Editor's note: The following is an excerpt from The Fossil Hunter: Dinosaurs, Evolution and the Woman Whose Discoveries Changed the World by Shelley Emling, published on October 13 by Palgrave Macmillan (Scientific American is a Macmillan publication). The Fossil Hunter chronicles the work of Mary Anning, a woman born in 1799 in Lyme Regis on the south coast of England, who discovered the first documented dinosaur skeleton. In the following passage from the chapter entitled "A Long-Necked Beauty" Anning first discovers the skeleton of a previously unknown dinosaur type. Her find is met with much skepticism, as no one believes a creature with such a long neck could actually have existed.
It was an object—sleek, glossy, and circular—poking out from an otherwise ordinary cluster of dark-gray mudstones. Most likely Mary rushed over and scraped away the surrounding shale as quickly as she could. There was plenty of it.
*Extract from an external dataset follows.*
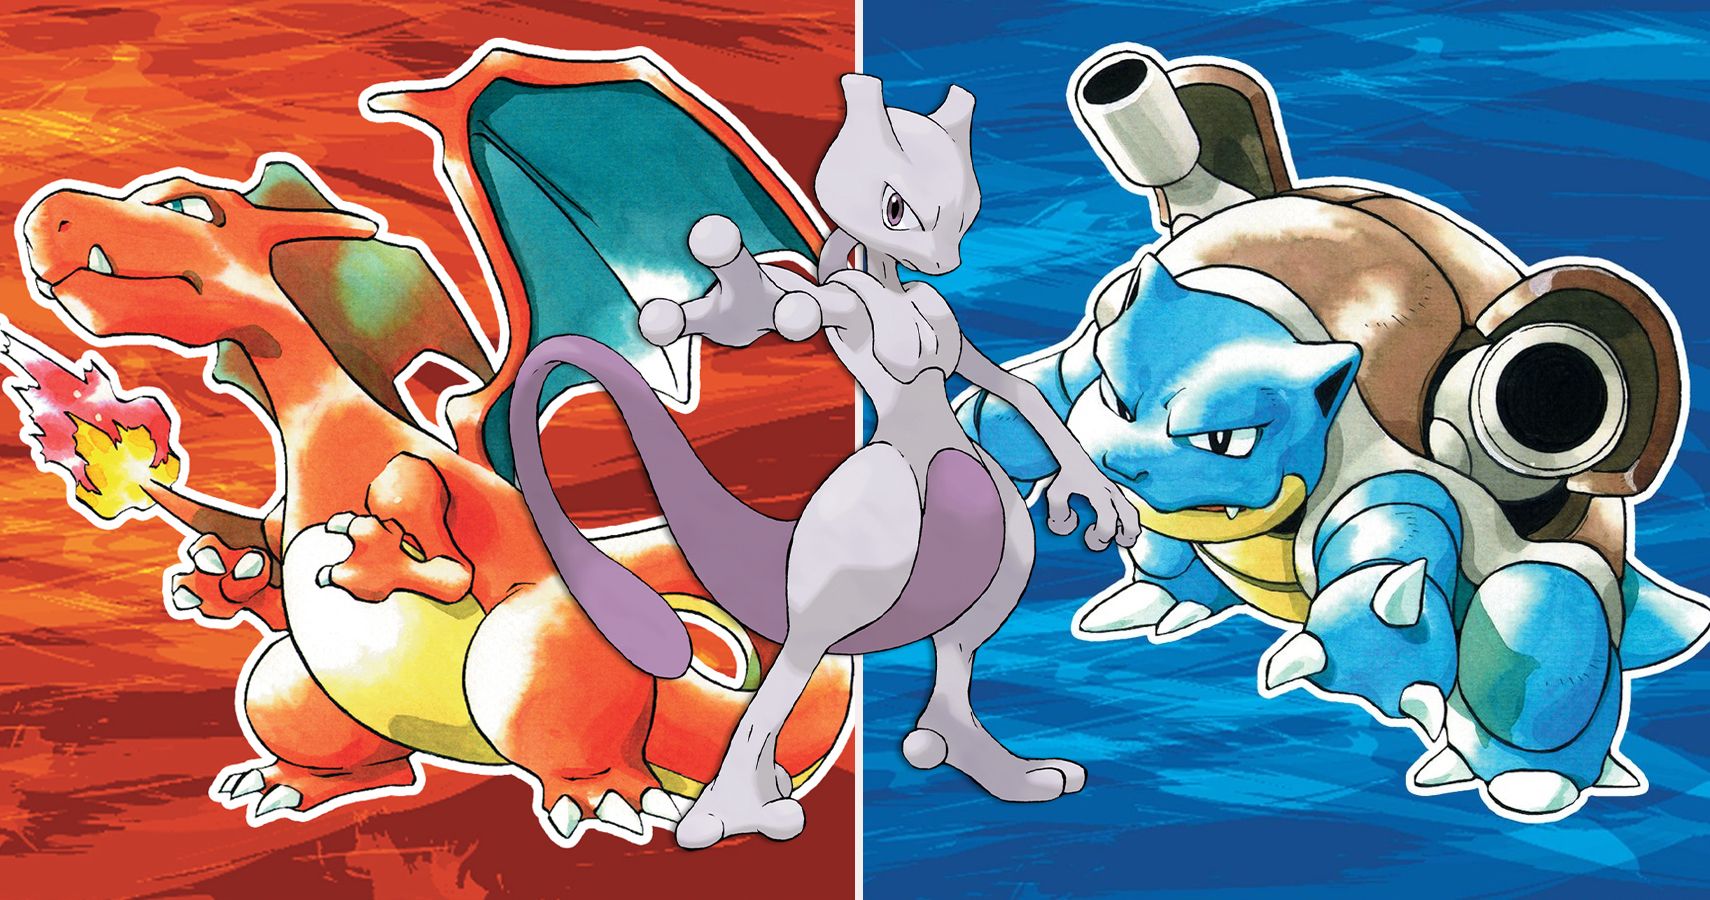 15 Strongest Pokemon In The Original Red Blue Games Based On Stats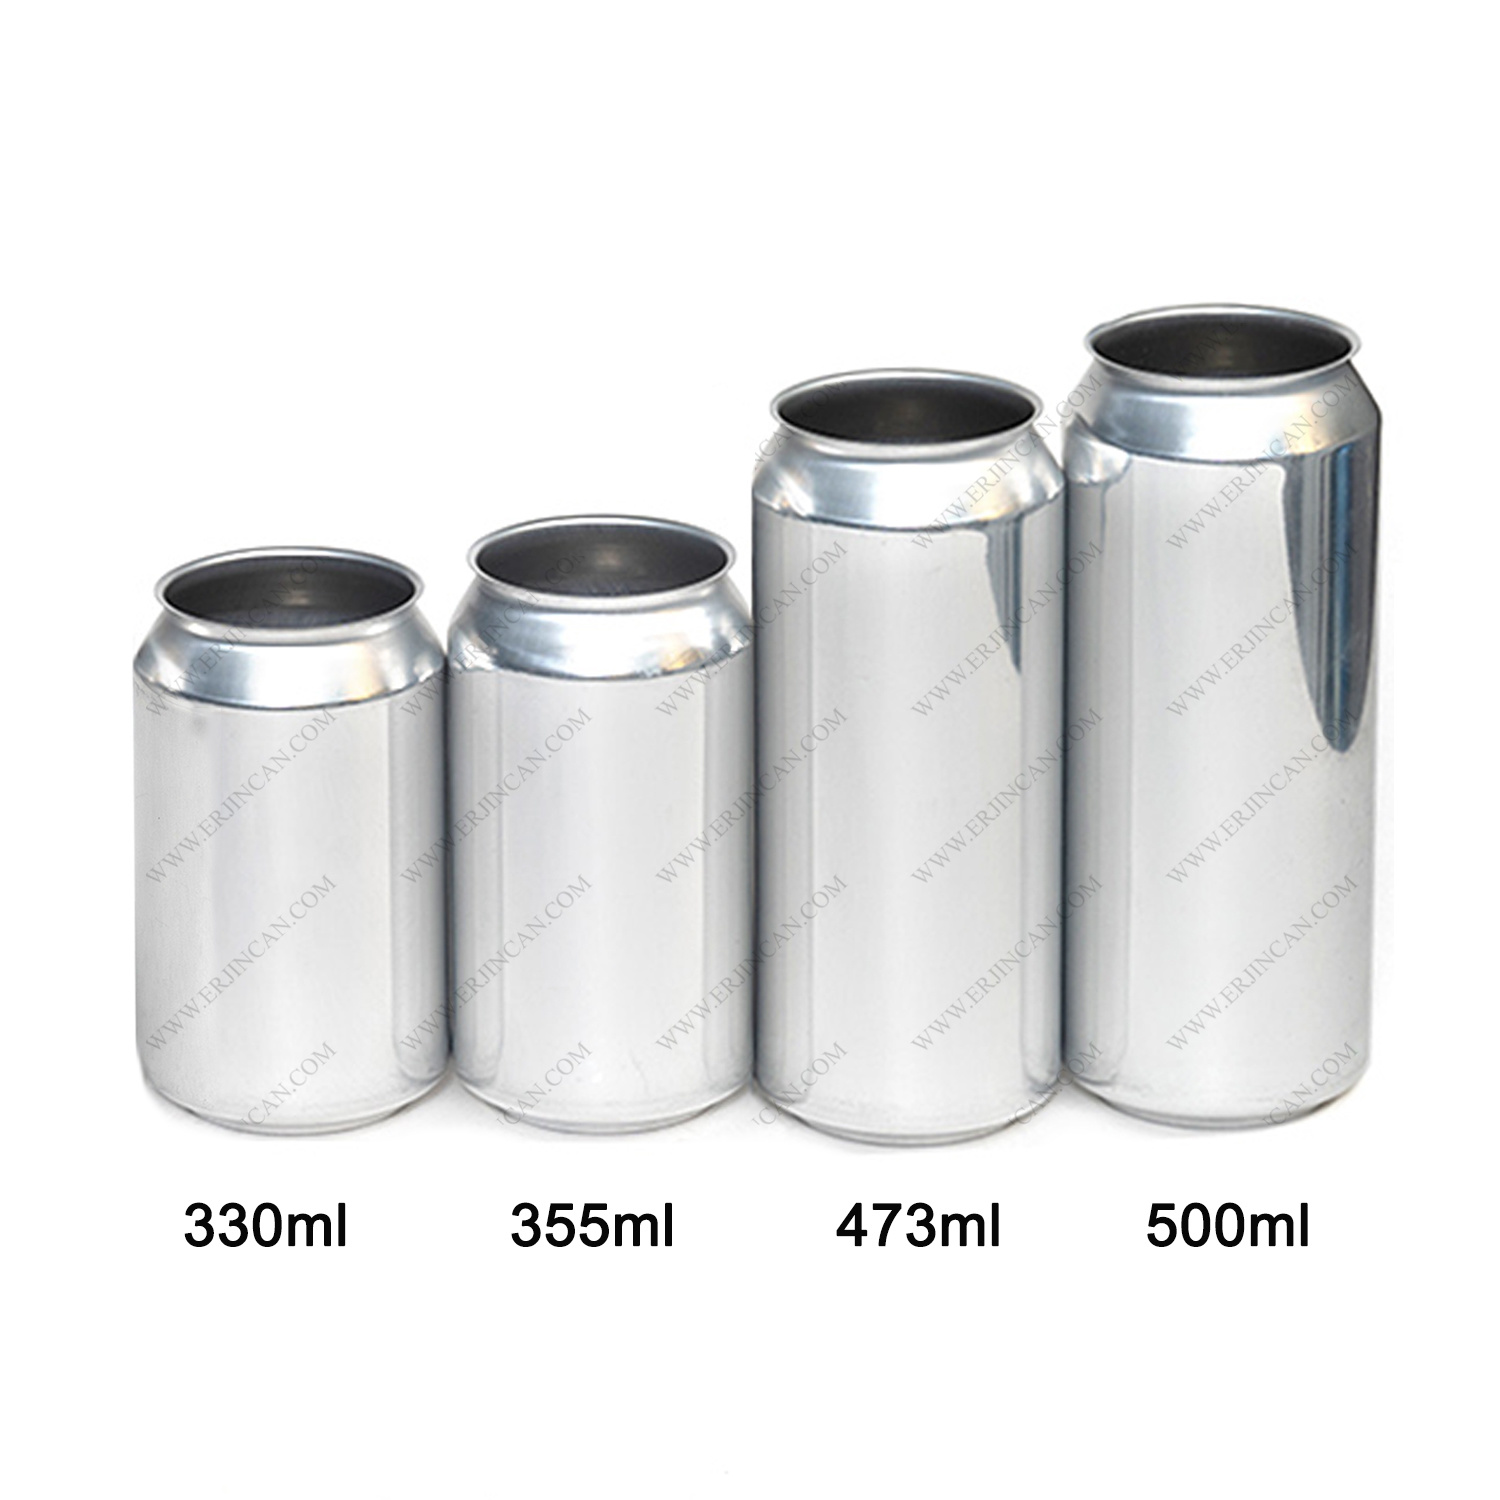 Plain-475ml-Cans-with-Lids-Beer-Cans-Beverage-Cans

After a while, though, a creature's skull emerged. But it wasn't elongated or snouted or pointy like the skull of an ichthyosaur. There weren't any huge bony cavities for eyes either. Probably she studied this new find in silence, with only the sounds of birds and waves and her trusted dog, Tray, to keep her company. Her heart surely raced. Just minutes before, she might have felt so chilled that she wondered whether it was worth staying outside. Now she was sure she'd come across something truly sensational, but there was an incoming tide on the horizon. She would have whirled around in a panic. She needed help—and fast.
By this time, everyone in town was familiar with Mary's work. It wasn't hard for her to enlist the aid of a few villagers in digging out the creature. Soon they were slogging away alongside her, into the evening and then—after a respite—returning the following morning. But rewards were forthcoming. Out came the vertebrae, pelvic bones, and—one by one—a series of ribs deeply embedded in the cliff side. First there were 4, then 6, and then finally 14. A bit more digging and the fine bones of what looked to be four legs—or might they be paddles?—also were unearthed.
The creature was starting to resemble not a crocodile but something akin to a turtle with a flat mouth and stubby short tail and, oddest of all, an abnormally long neck. Mary toiled away at the cliff, hour upon hour, chipping away with hammer and chisel, while waves lashed at her hefty petticoats and numbed her fingers. Once she started cutting away at the matrix imprisoning a particularly large fossil, it could take what seemed like forever to make any progress. But she was seeing some results, especially as she likely had others to help her. In the end, after several hours of jabbing away at the mud and rock and shale, a skeleton emerged that was about nine feet long and six feet wide, but with a head that was only about four to five inches in length. Surveying her find, Mary must have marveled at the peculiarity of the skeleton, which didn't boast legs or fins but indeed paddles consisting of many fine, dainty, delicate bones.
Mysterious find
This wasn't the first time Mary had come across remnants of this type of creature. But never before had she found a skull, and, what's more, the bits she'd found in the past had been so brittle they had very nearly withered away by the time she'd gotten them home. Now she had before her a much more substantial find—a complete skeleton. And it was a beauty.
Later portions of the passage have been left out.